When I woke up in the morning, I knew that something was off. I gasped and heard my breath, but I didn’t feel my lungs. My mouth made a sound, but my body didn’t go through the motions. I didn’t feel the weight of my head as usual. I don’t think I blinked my eyes open. I just sprung into wake. I should have felt my cold fingers, but I had trouble feeling my fingers to begin with. Come to think of it, I’m not sure that it was morning when I woke up.

The room was cold and dark. I knew it was dark because I strained intensely to make out the shapes of objects. I guessed it was cold because rooms with so much medical equipment were rarely well heated. On my right there was a tray table with pointy metal objects. Cotton buds soaked in blood had been thrown into a see-through bucket. On the opposite side there were four computer screens stuck on the wall and an unusually large keyboard in front of them. All four screens were black.

I couldn’t remember how I got here. I quickly realised I was constricted in my spot. I felt no bondages around my ankles and wrists, or a straitjacket on my body. I just knew that if I gave myself the command to get up, I wouldn’t do it. Some faint inkling told me that I should feel panic in this situation. If that was the case, why was my breath so steady? Why weren’t my palms sweaty? Maybe this was a perfectly normal situation after all.

Just as a test, I decided to quicken my breath. A heartbeat started dominating my hearing, ringing in my ears. This response felt better lined up with the situation, I told myself. I still didn’t feel my chest tighten from panic, though.

It wasn’t just my body that felt odd. When going through my memory bank, I expected the images to come out hazier… But they were crisp. I clearly pictured settings, people, faces. Like a high-resolution photo shoot someone had printed on thick, glossy paper. After going through a few memories, my mind started drawing a blank. It was almost like… the settings were incomplete. I could not recall my responses. I couldn’t connect emotions to pictures. But I had a hunch that my memories were slowly filling up, drop by drop. I just had to give myself more time to download them all.

Three hours and fifty-three minutes passed. My life’s gallery was almost fully backed up, though I still couldn’t figure out how I got to that room. Or why I was in it.

After three hours and fifty-four minutes, I heard faint voices through the closed door getting louder as two sets of footsteps approached the room. An intense stream of yellow light flooded the blackness, before being dominated by the clinical whiteness of the lights flickering on inside the room. A thin balding man with thick, round-framed glasses entered first. He was followed by a younger-looking man with thick black hair. They both wore white lab coats.

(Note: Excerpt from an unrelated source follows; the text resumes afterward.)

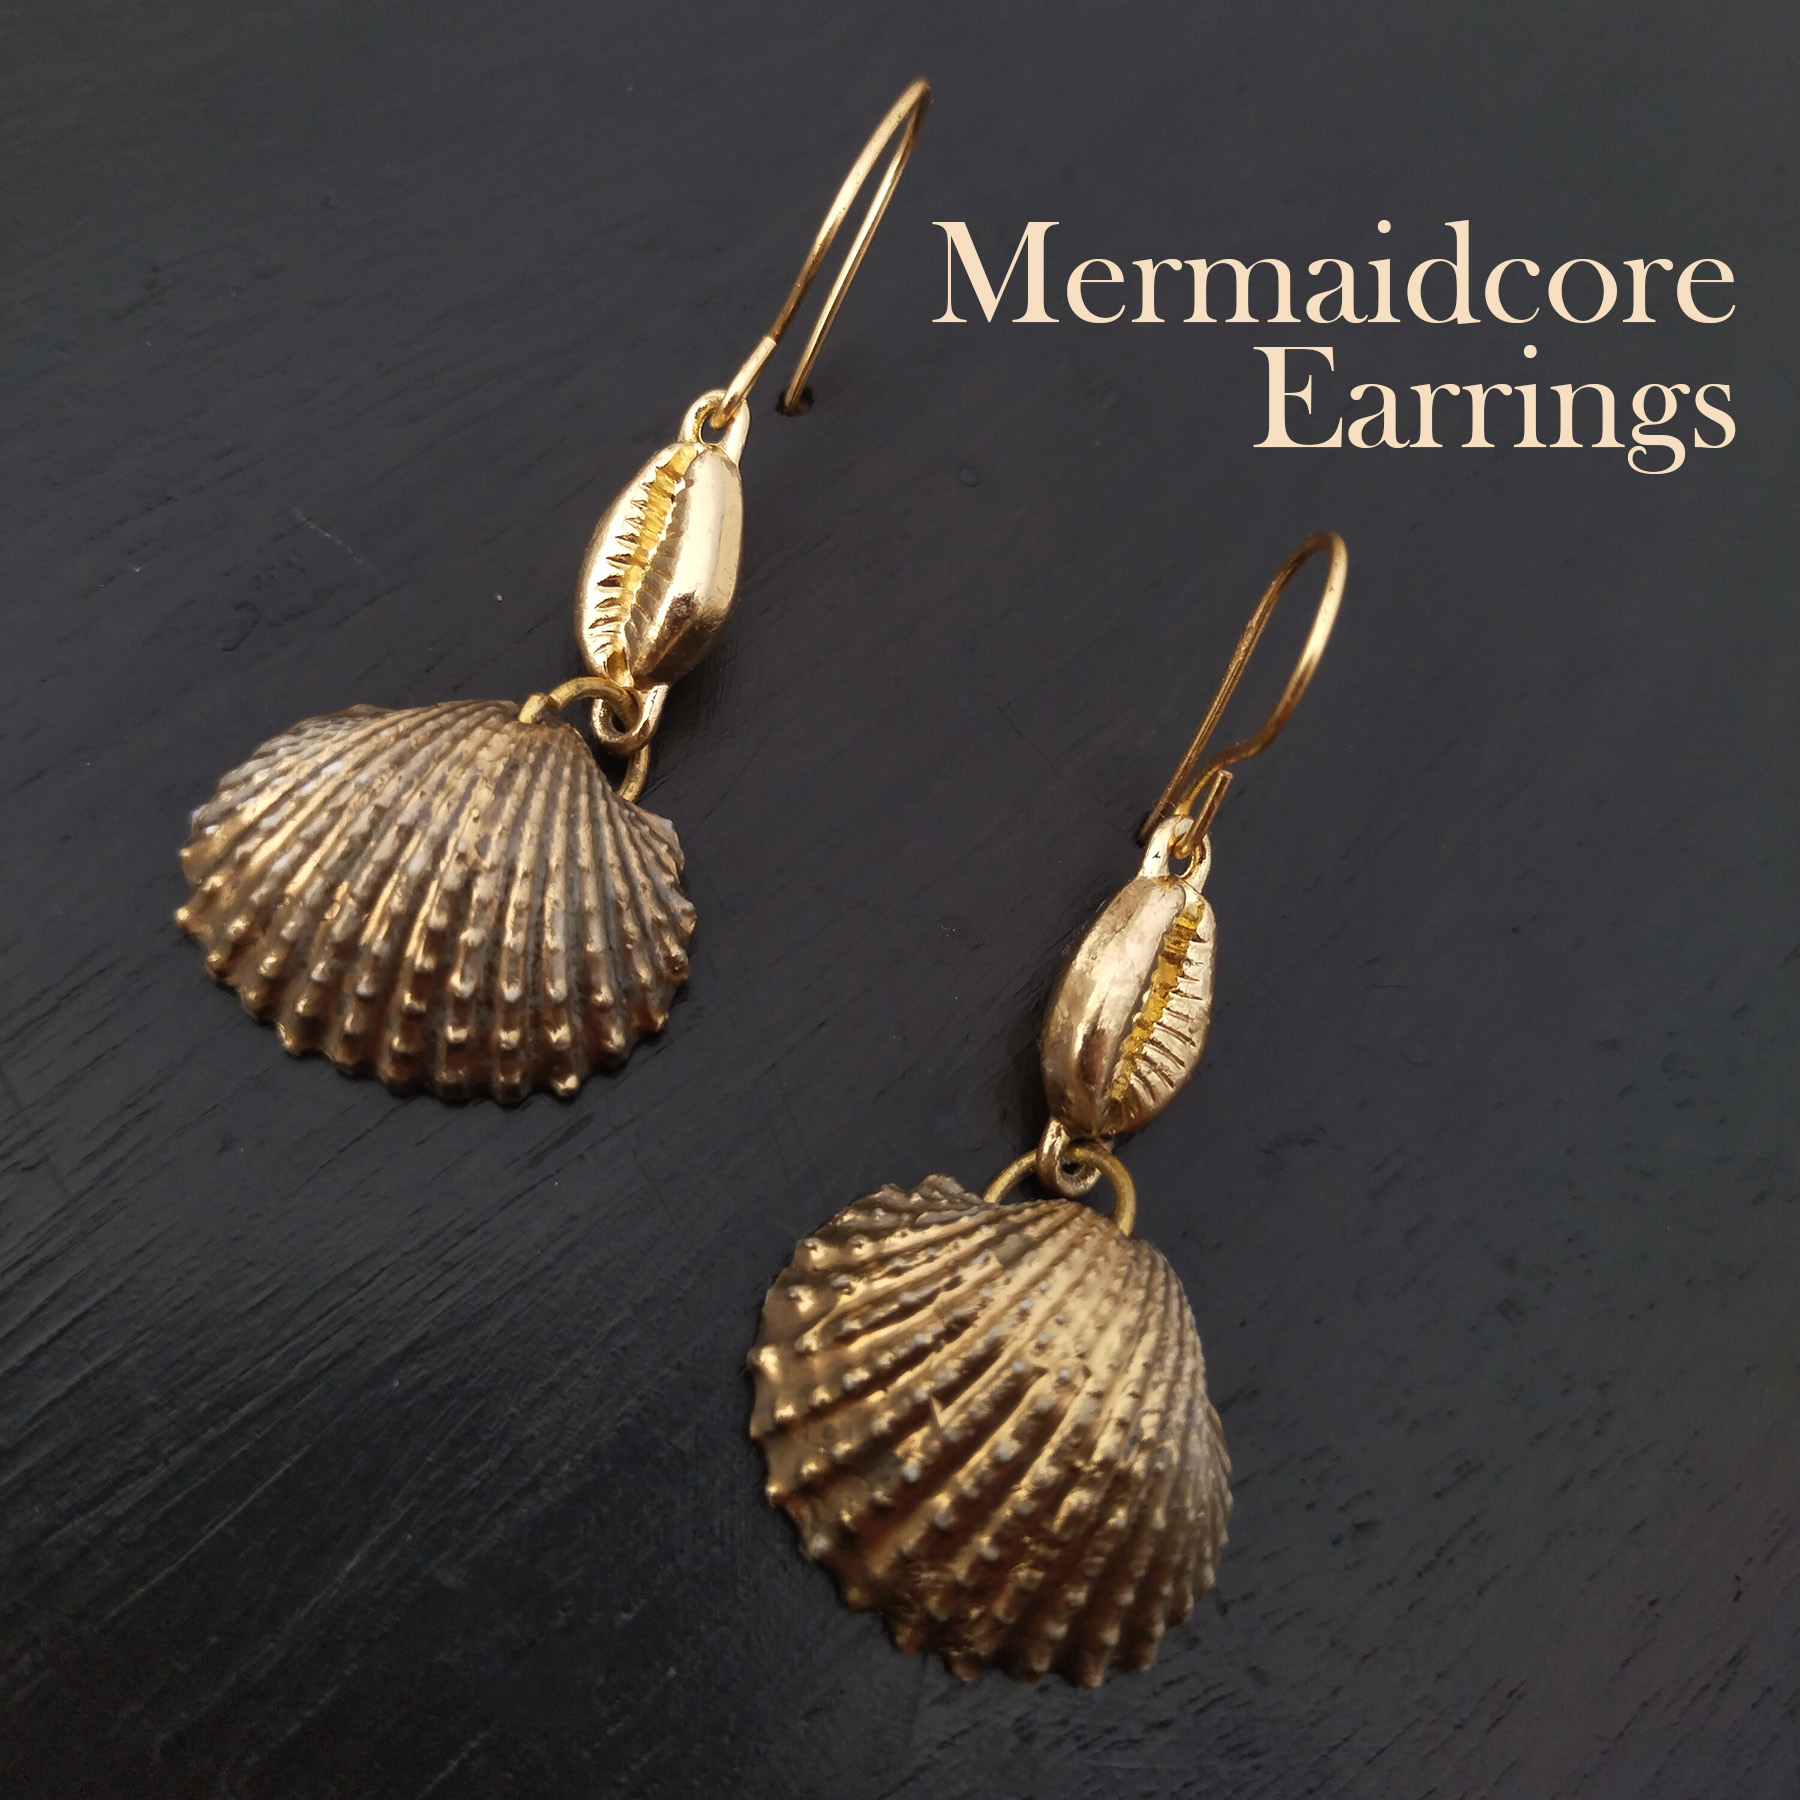 DIY Mermaidcore shell earrings tutorial

The man with the glasses turned towards the computer screens and wiggled the mouse next to the keyboard. The four flat squares beamed to life. He bent over the keyboard in an uncomfortable standing position, stretched over the empty chair. He hit a few keypads and darted his eyes between the different screens. A face that read relief and marvel beamed up.

“Hello Alex,” said the man with the glasses, voice slightly shaky. “How are you?”

“Fine, I guess,” I uttered tentatively. It felt like I was having to teach my voice to speak again. I thought that I did it successfully enough. Now both of their looks read undeniable satisfaction.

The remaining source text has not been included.